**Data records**
BEGIN
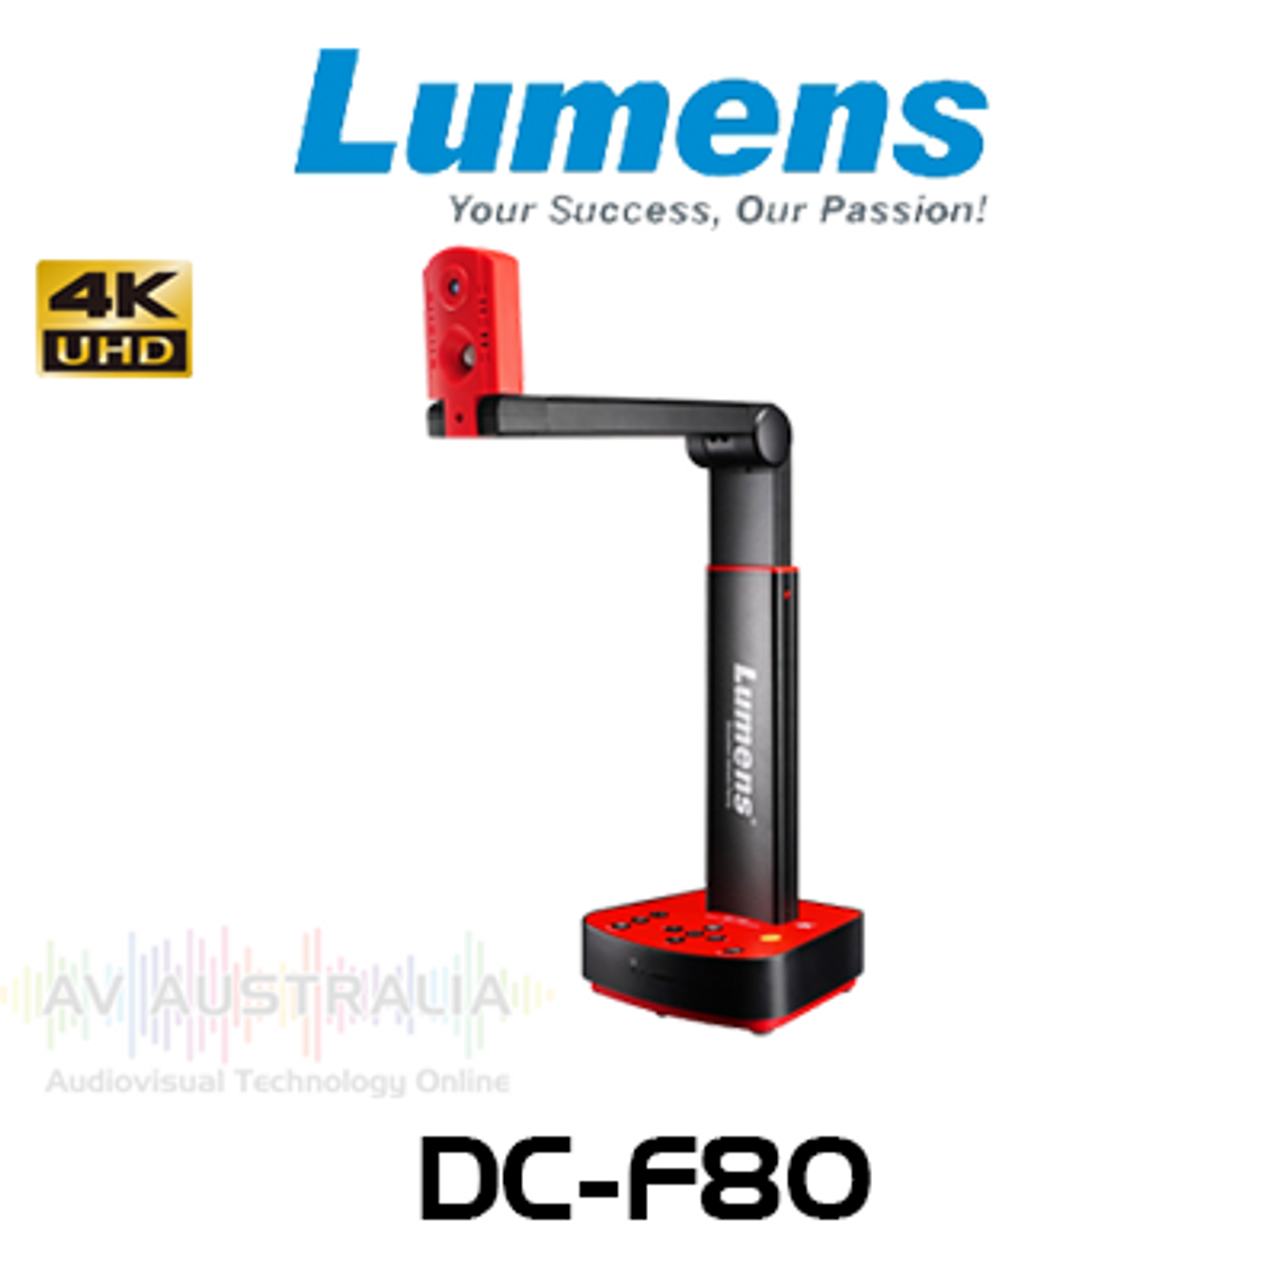 Lumens Ladibug DC-F80 4K USB & HDMI Document Camera
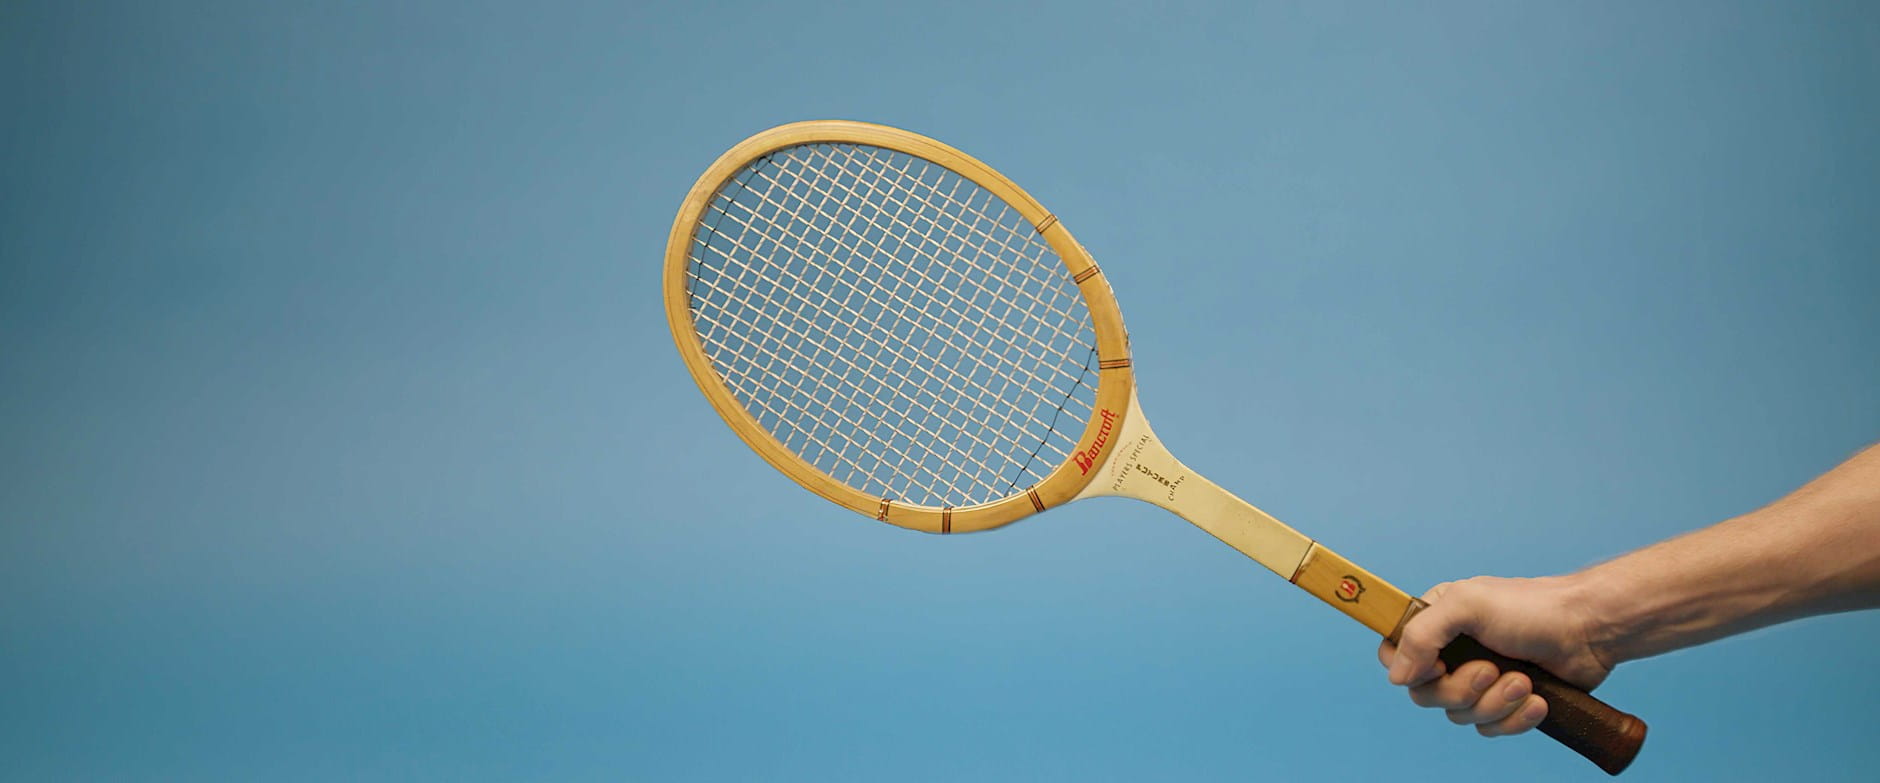 Tennis racket in hand
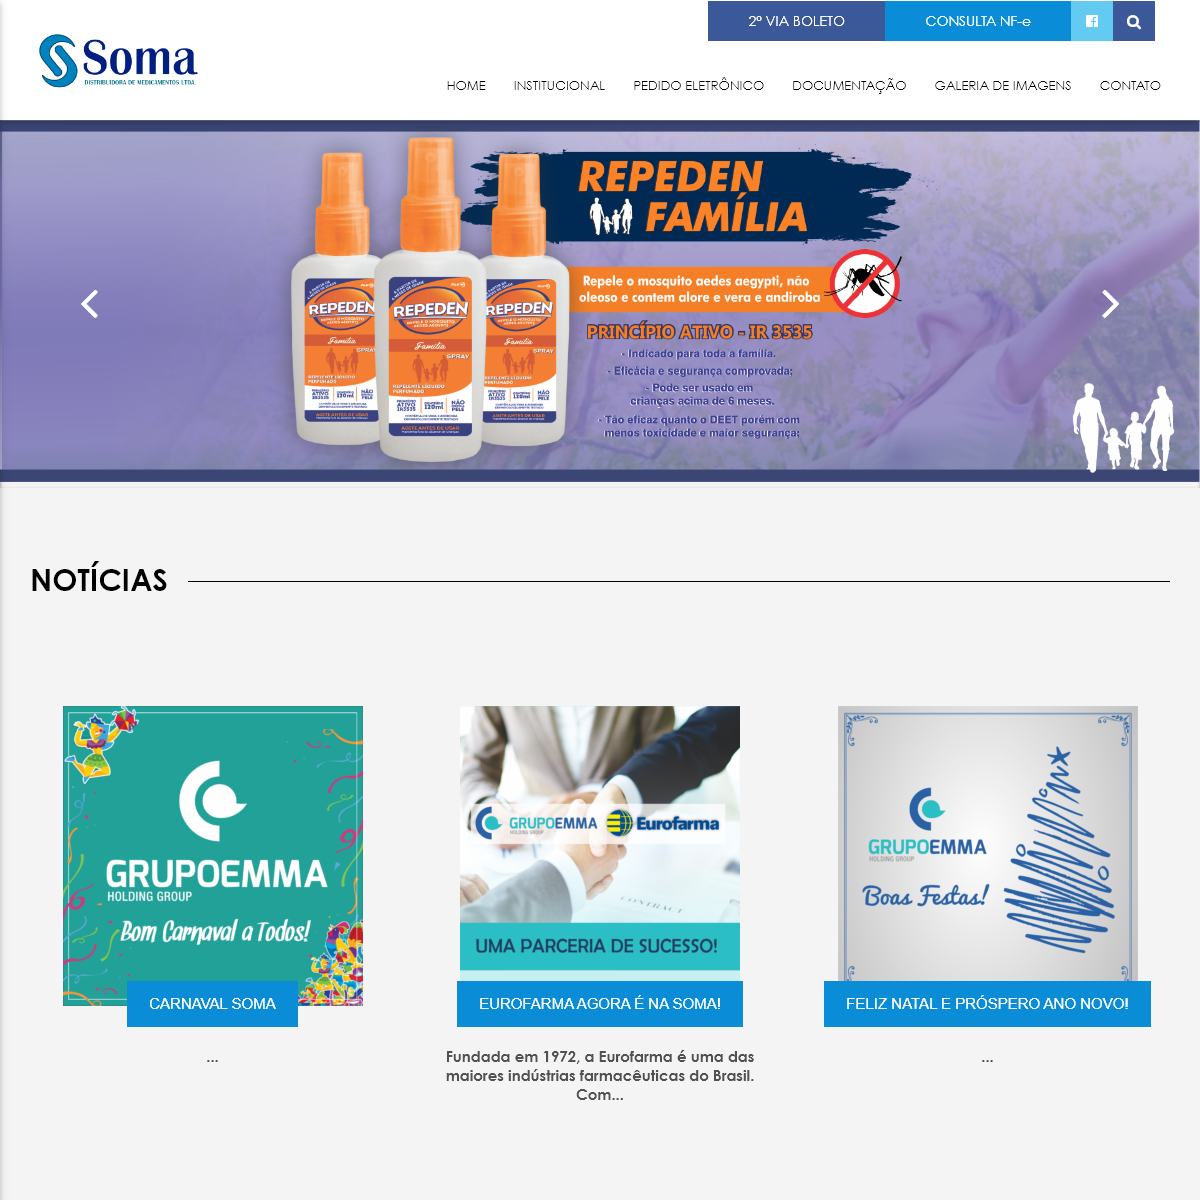 A complete backup of somaltda.com.br
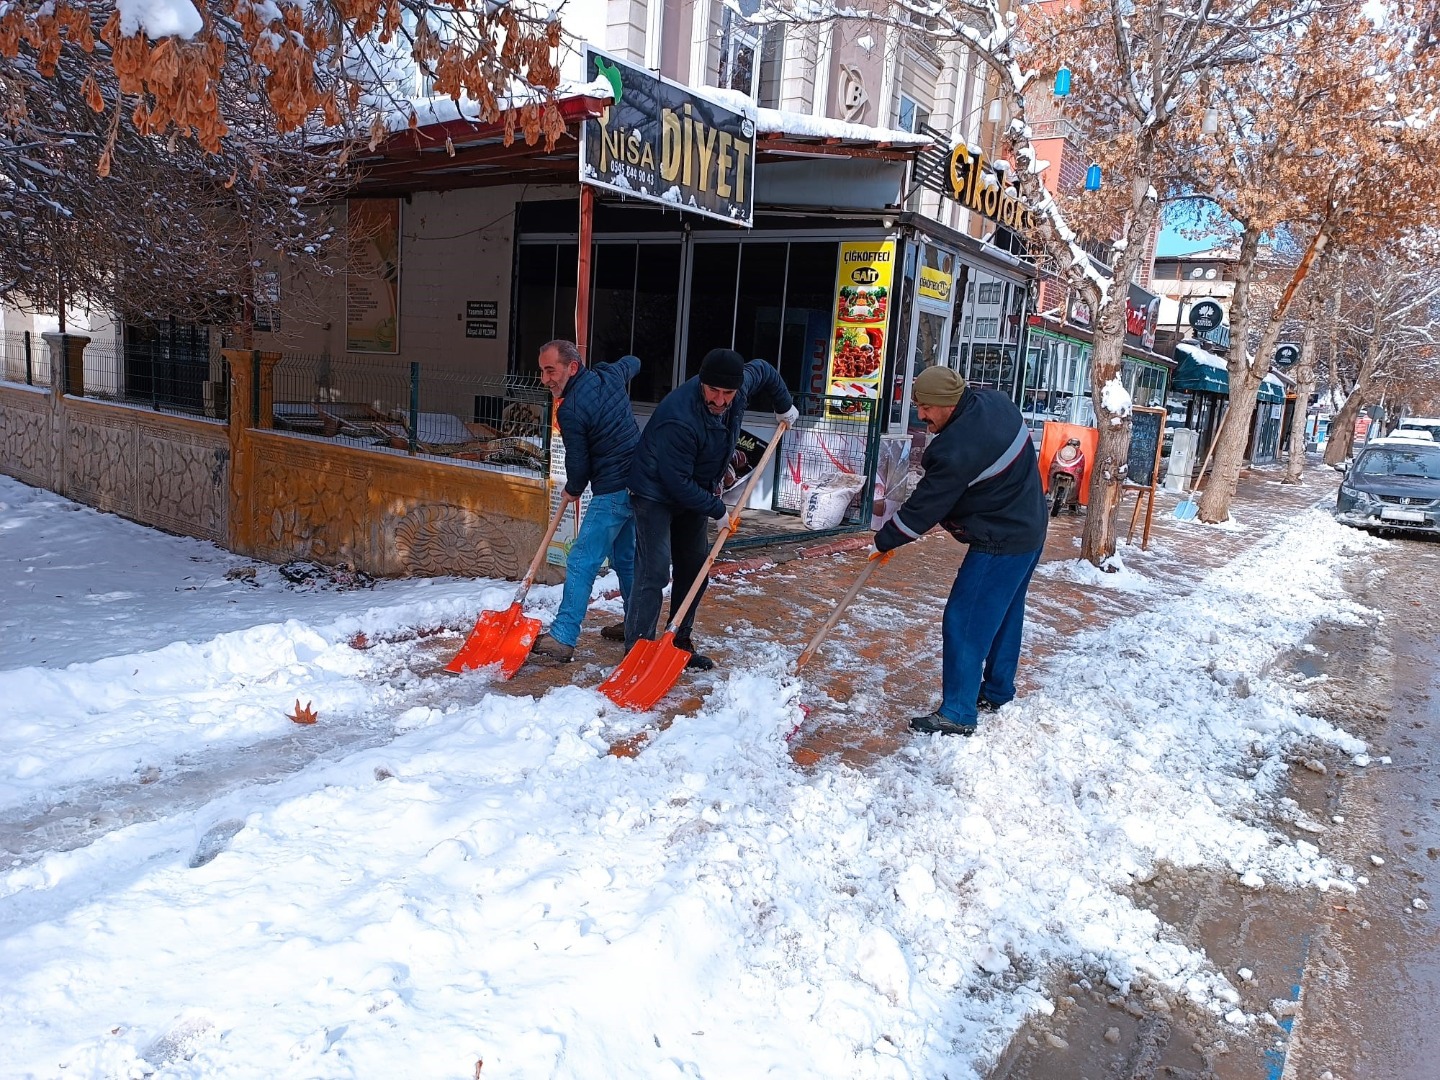 Kahramanmaraş'ta kar yağışı etkili oldu
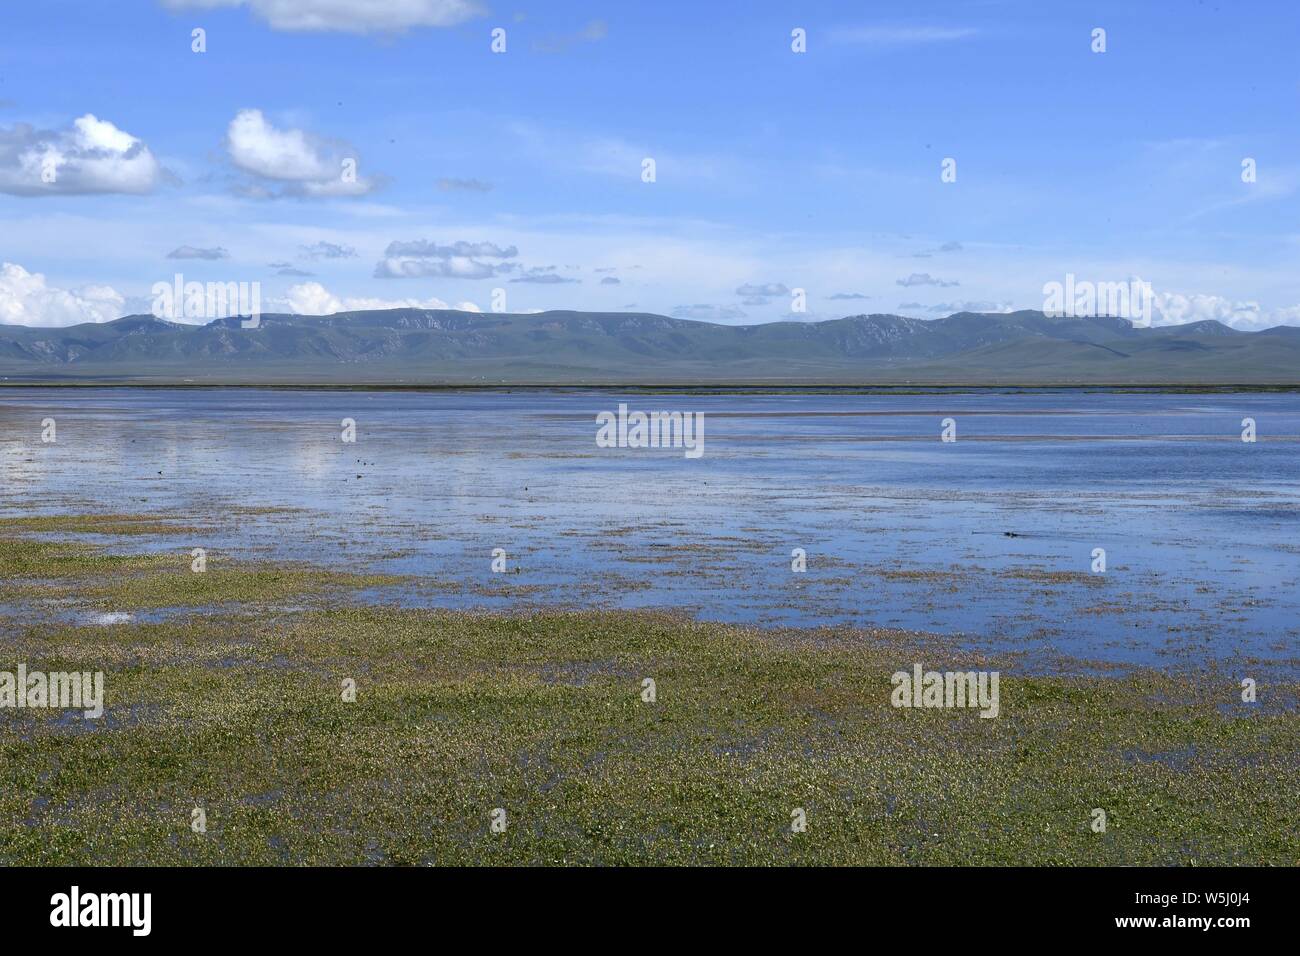 Luqu. 29 Luglio, 2019. Foto scattata a luglio 29, 2019 mostra una vista del lago Gahai di Luqu County in tibetano prefettura autonoma di Gannan, a nord-ovest della Cina di Provincia di Gansu. La zona del Lago Gahai, noto come una grande zona umida al Plateau Qinghai-Tibet nonché uno dei principali sorgenti del fiume giallo, è stata l'espansione e ha raggiunto i 2.700 ettari a causa di piogge abbondanti e il miglioramento del suo ambiente ecologico negli ultimi anni. Credito: Ma Ning/Xinhua/Alamy Live News Foto Stock
END
**Task objective**
Only the lines from the start of the records above through the line containing "Kahramanmaraş'ta kar yağışı etkili oldu" should be returned, exactly and with both ends, please; the pictures stay out.

**Output**
 Lumens Ladibug DC-F80 4K USB & HDMI Document Camera
 Tennis racket in hand
 A complete backup of somaltda.com.br
 Kahramanmaraş'ta kar yağışı etkili oldu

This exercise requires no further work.